**Task description:** Set down all of the data exactly. Pictures stay out of the copy.

**Source data:**
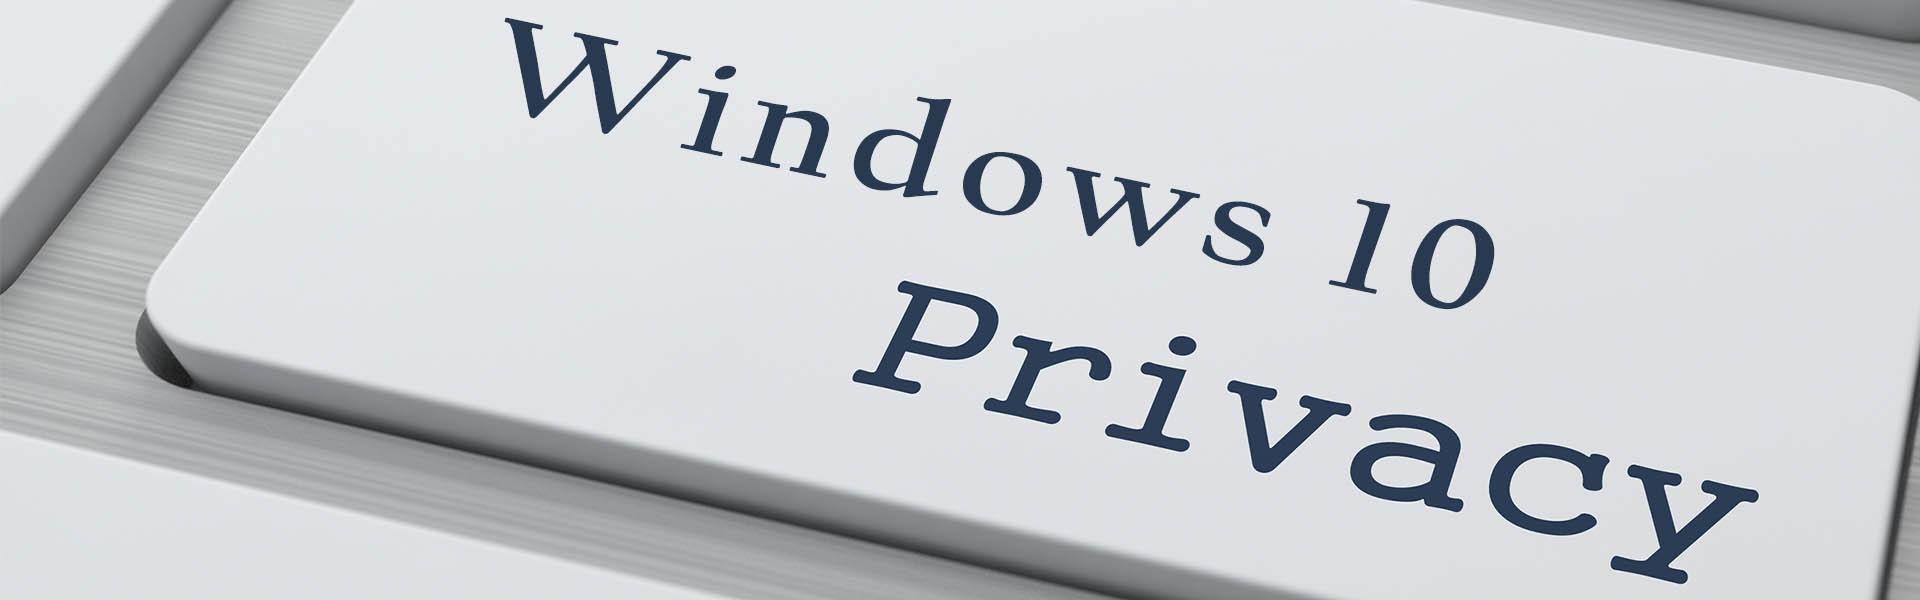 לאן הלכה הפרטיות ב Windows 10?
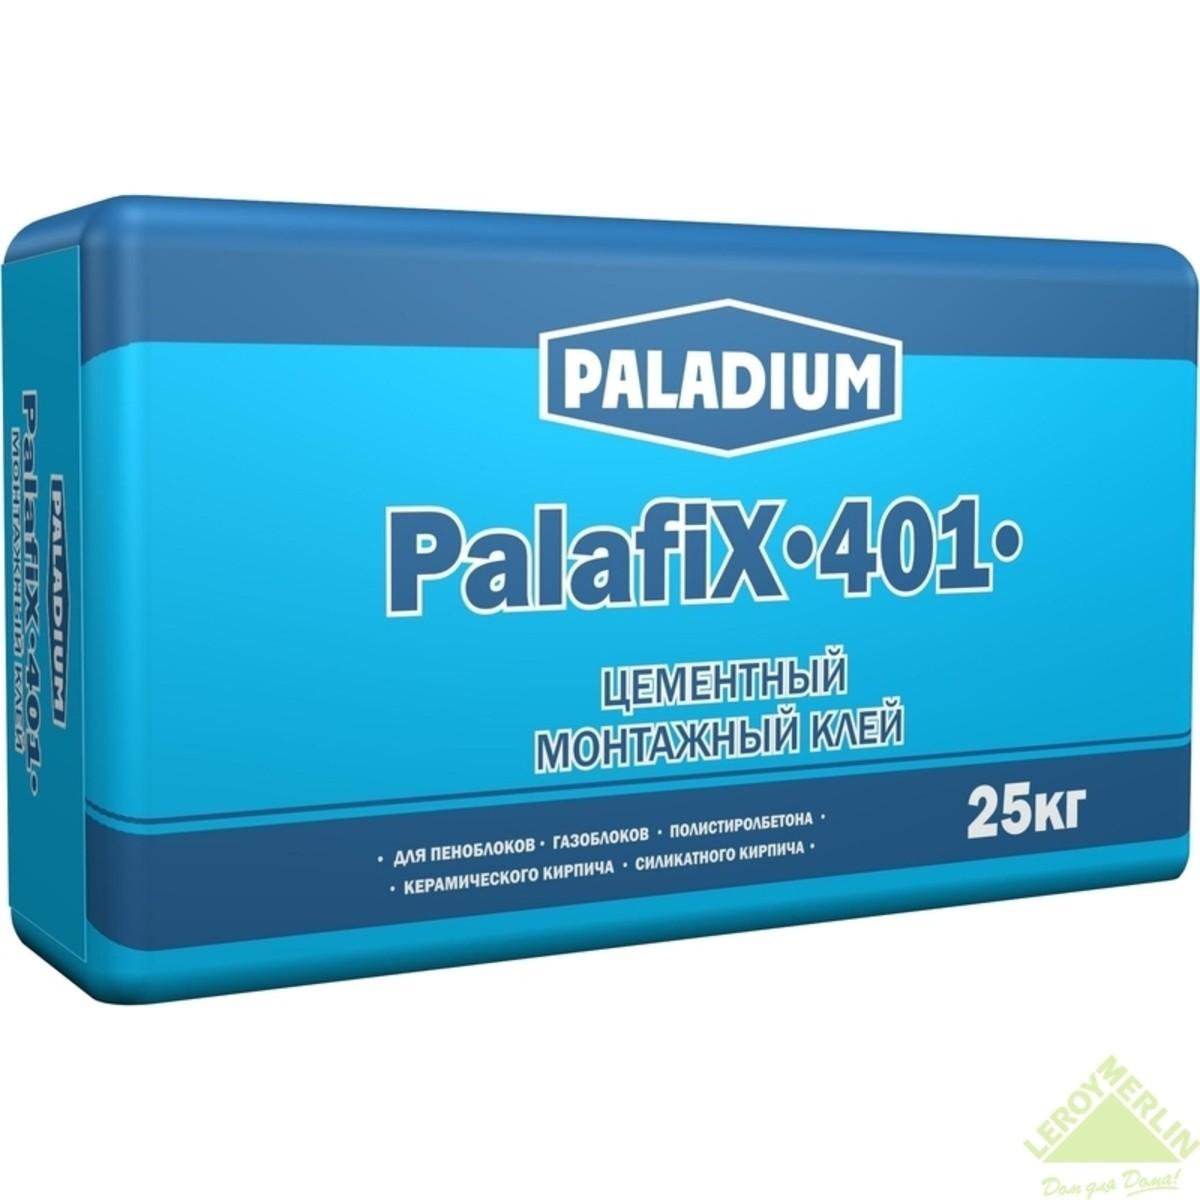 Клей монтажный для блоков Palafix-401 25 кг
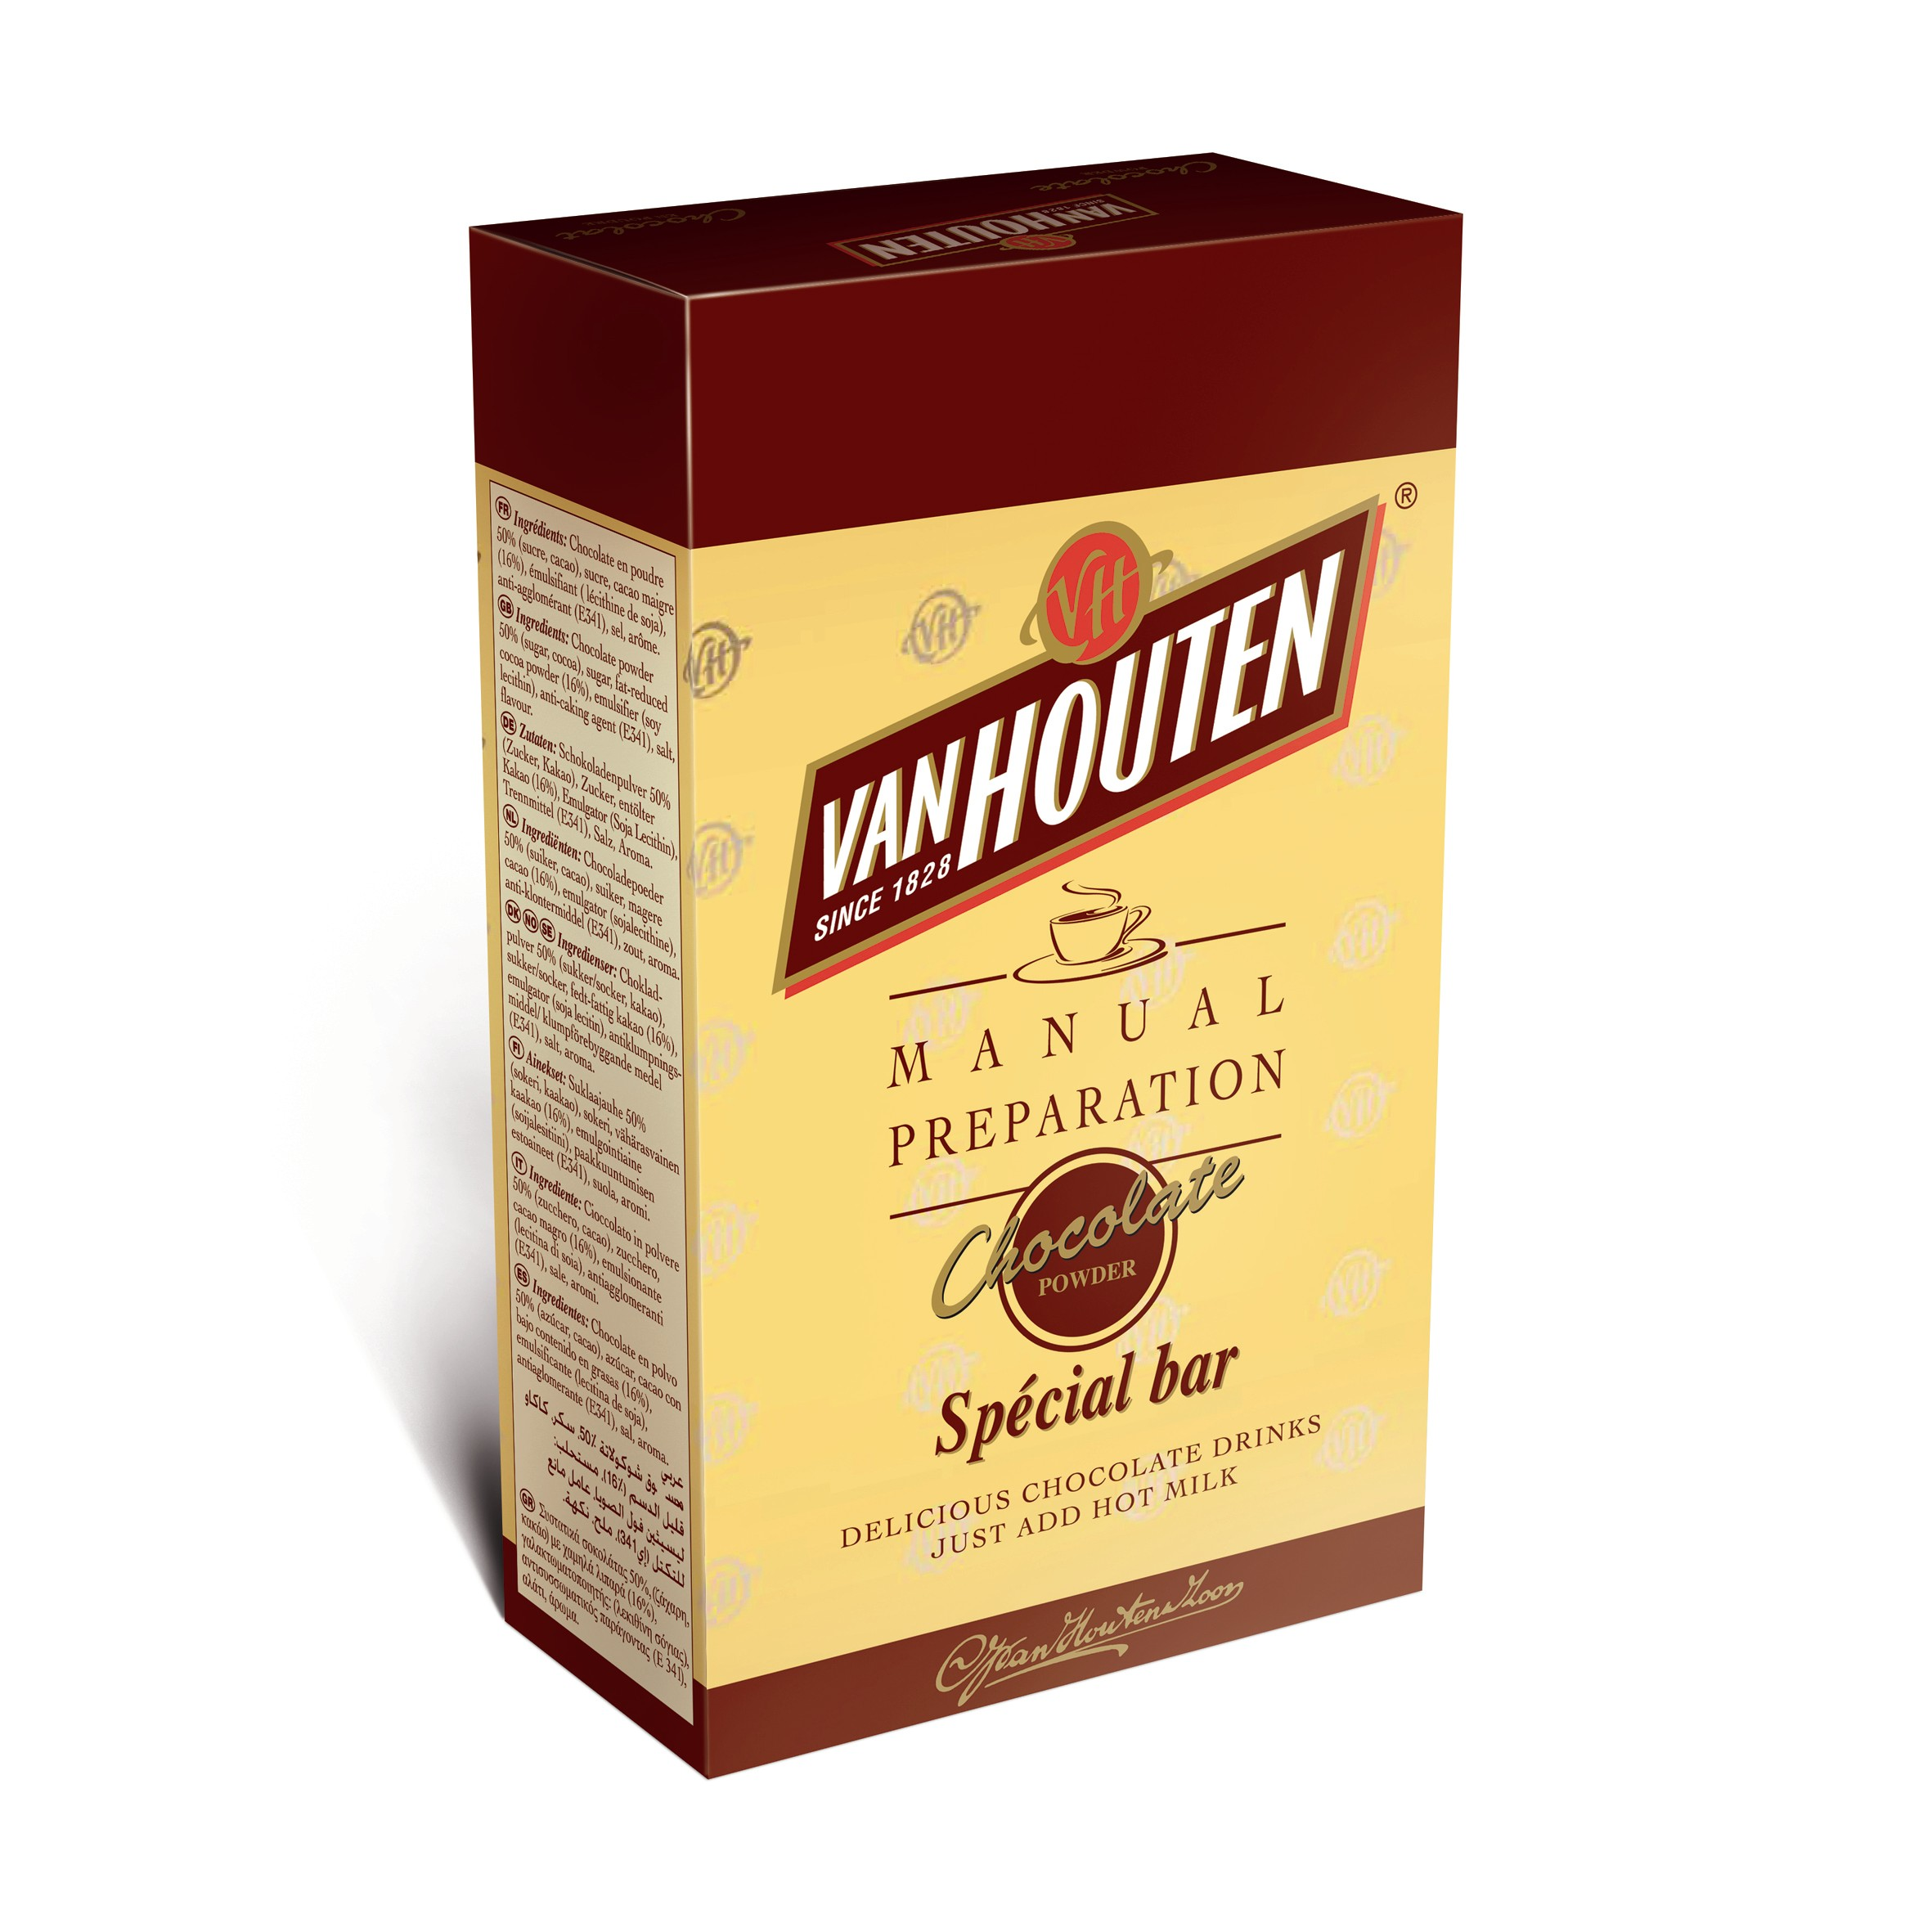 Van Houten Special Bar 32% Cocoa (10 x 1kg)

**Result:**
 לאן הלכה הפרטיות ב Windows 10?
 Клей монтажный для блоков Palafix-401 25 кг
 Van Houten Special Bar 32% Cocoa (10 x 1kg)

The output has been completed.